◆ **MATERIAL FOR THIS TASK**

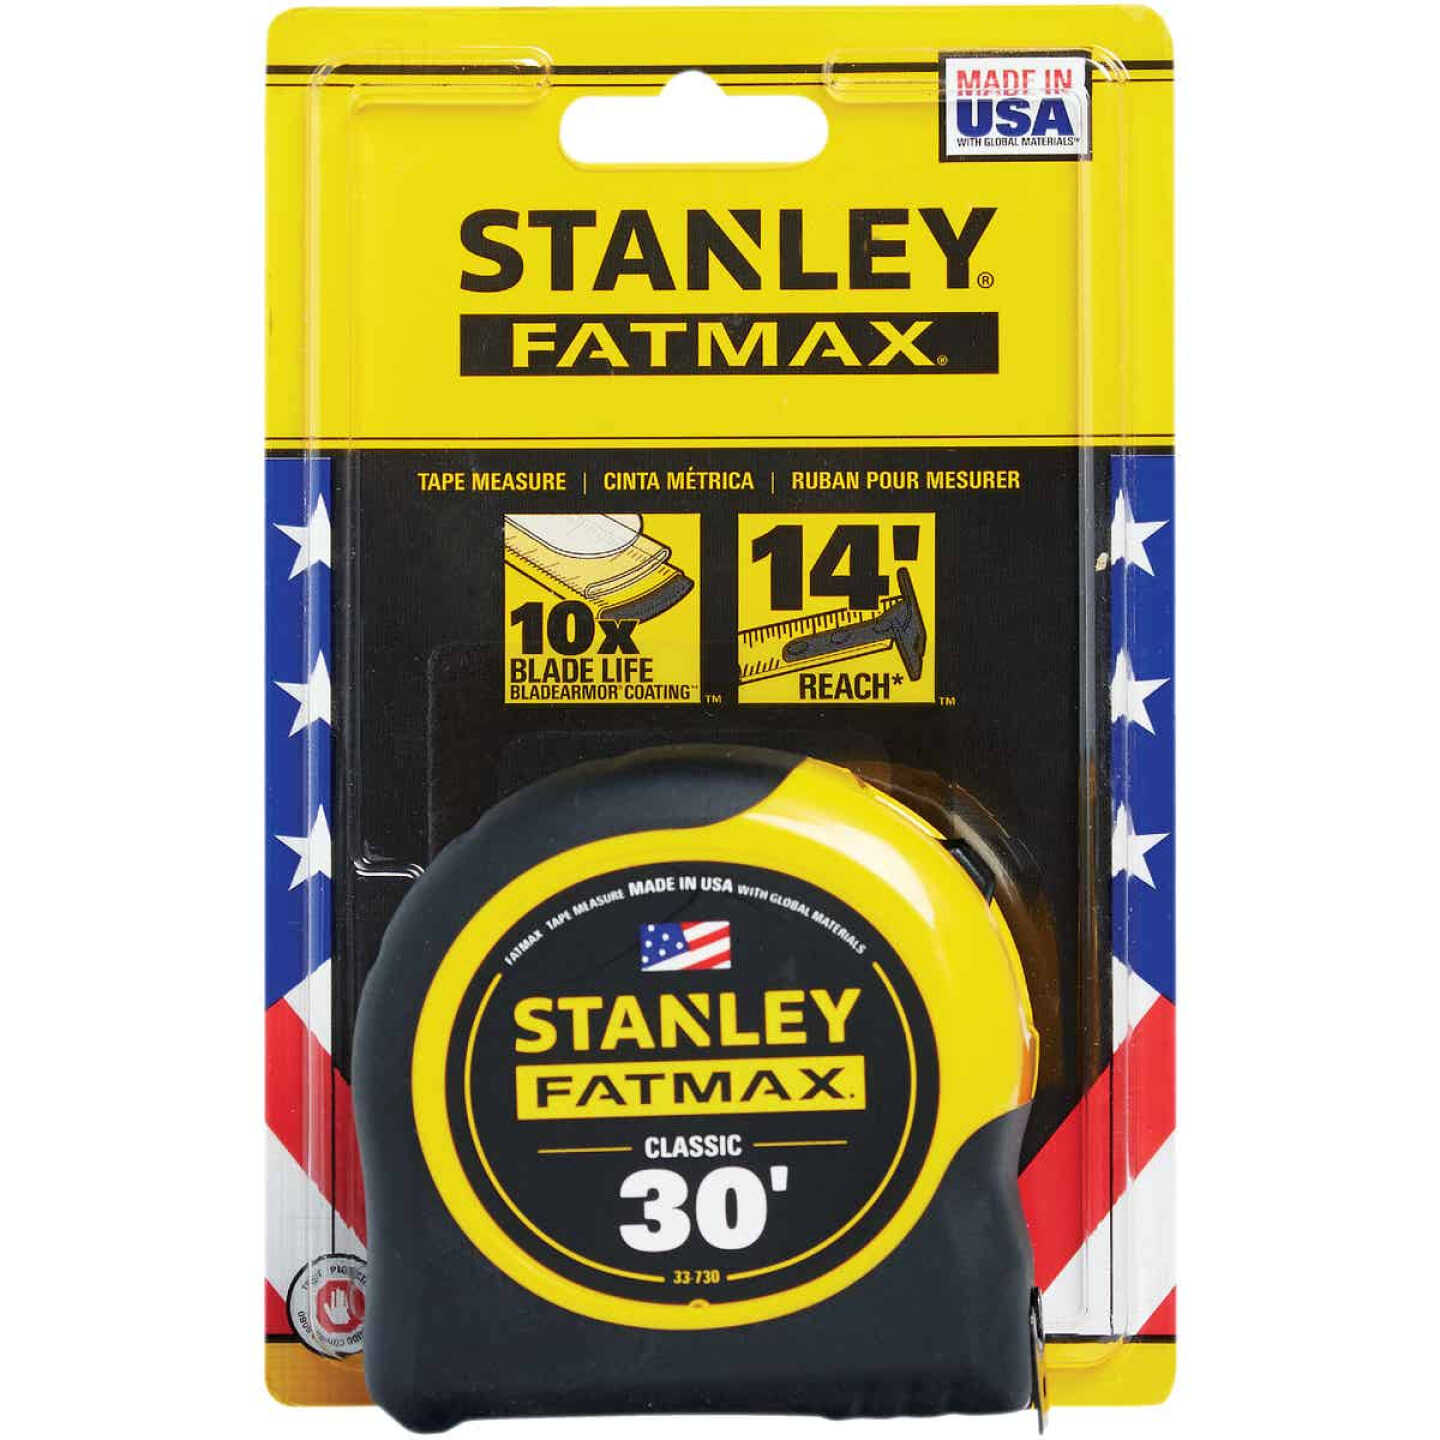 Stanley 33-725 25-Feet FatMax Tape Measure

...

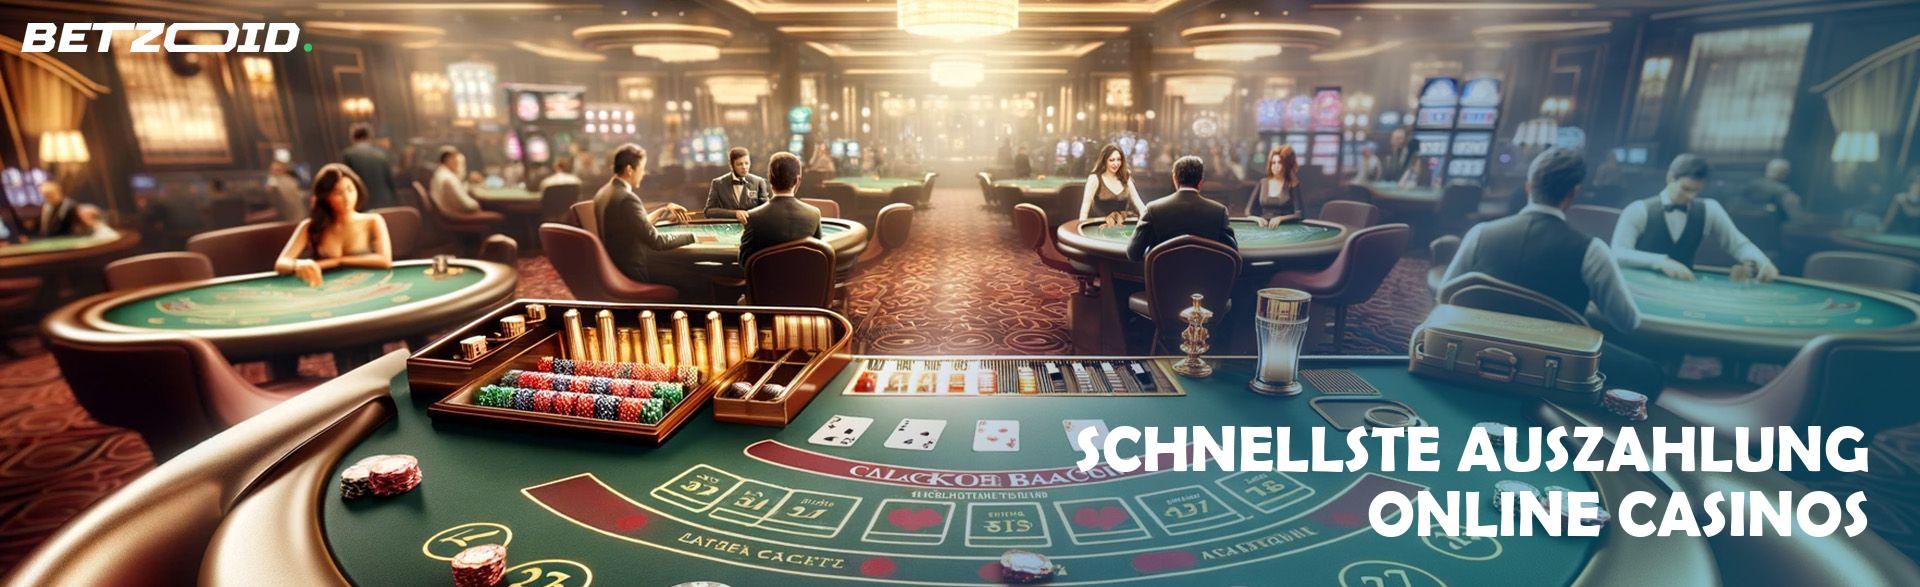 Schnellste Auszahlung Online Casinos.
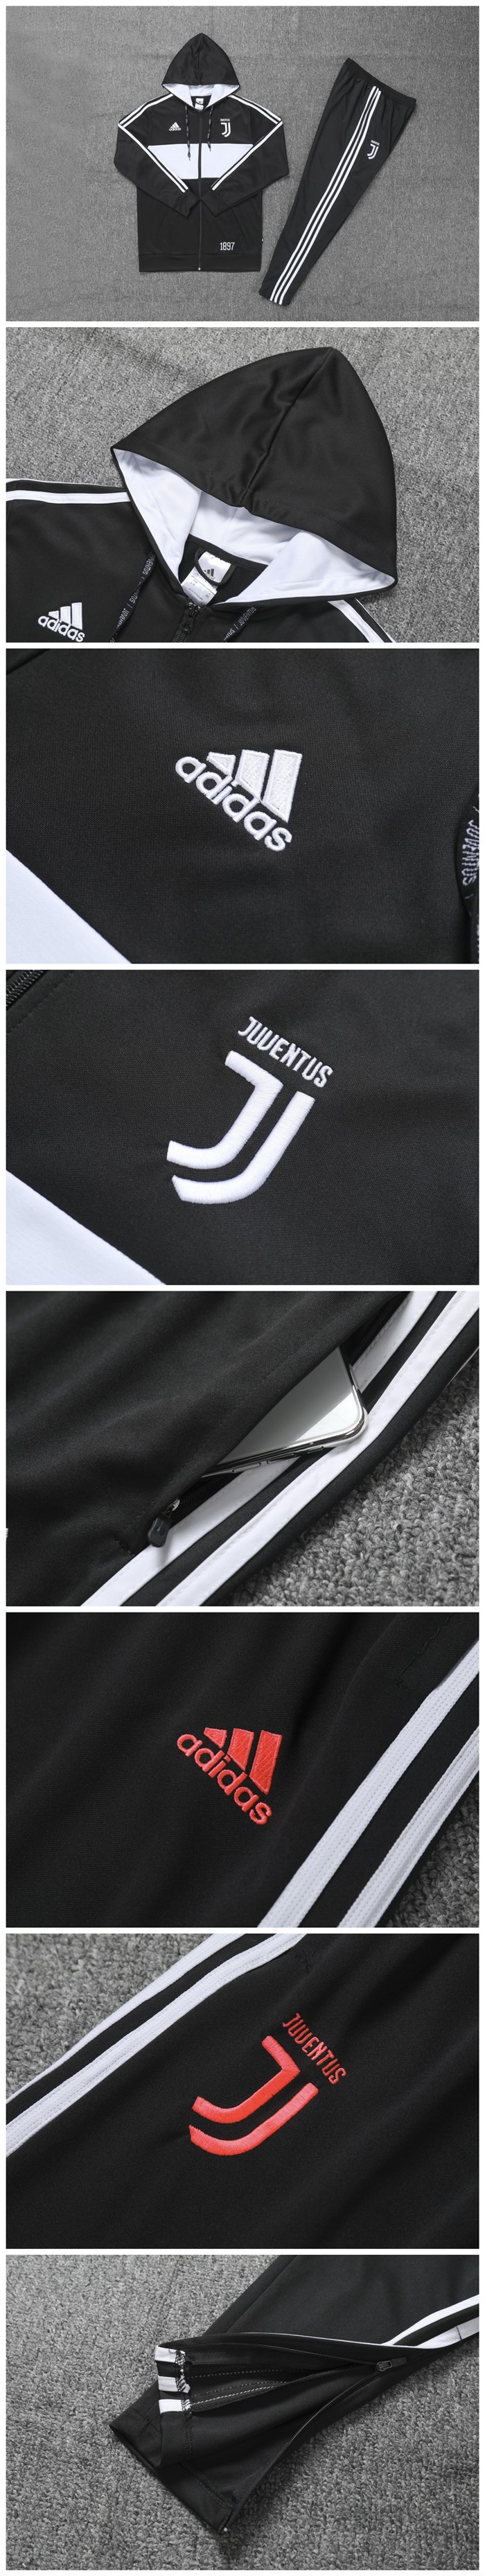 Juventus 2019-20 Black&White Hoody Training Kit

◆ **AIM OF THE EXERCISE**
Return the lines above from the one with "Schnellste Auszahlung Online Casinos." through the one with "Juventus 2019-20 Black&White", verbatim and nothing else. Omit every picture.

◆ **YOUR RESPONSE**
 Schnellste Auszahlung Online Casinos.
 Juventus 2019-20 Black&White Hoody Training Kit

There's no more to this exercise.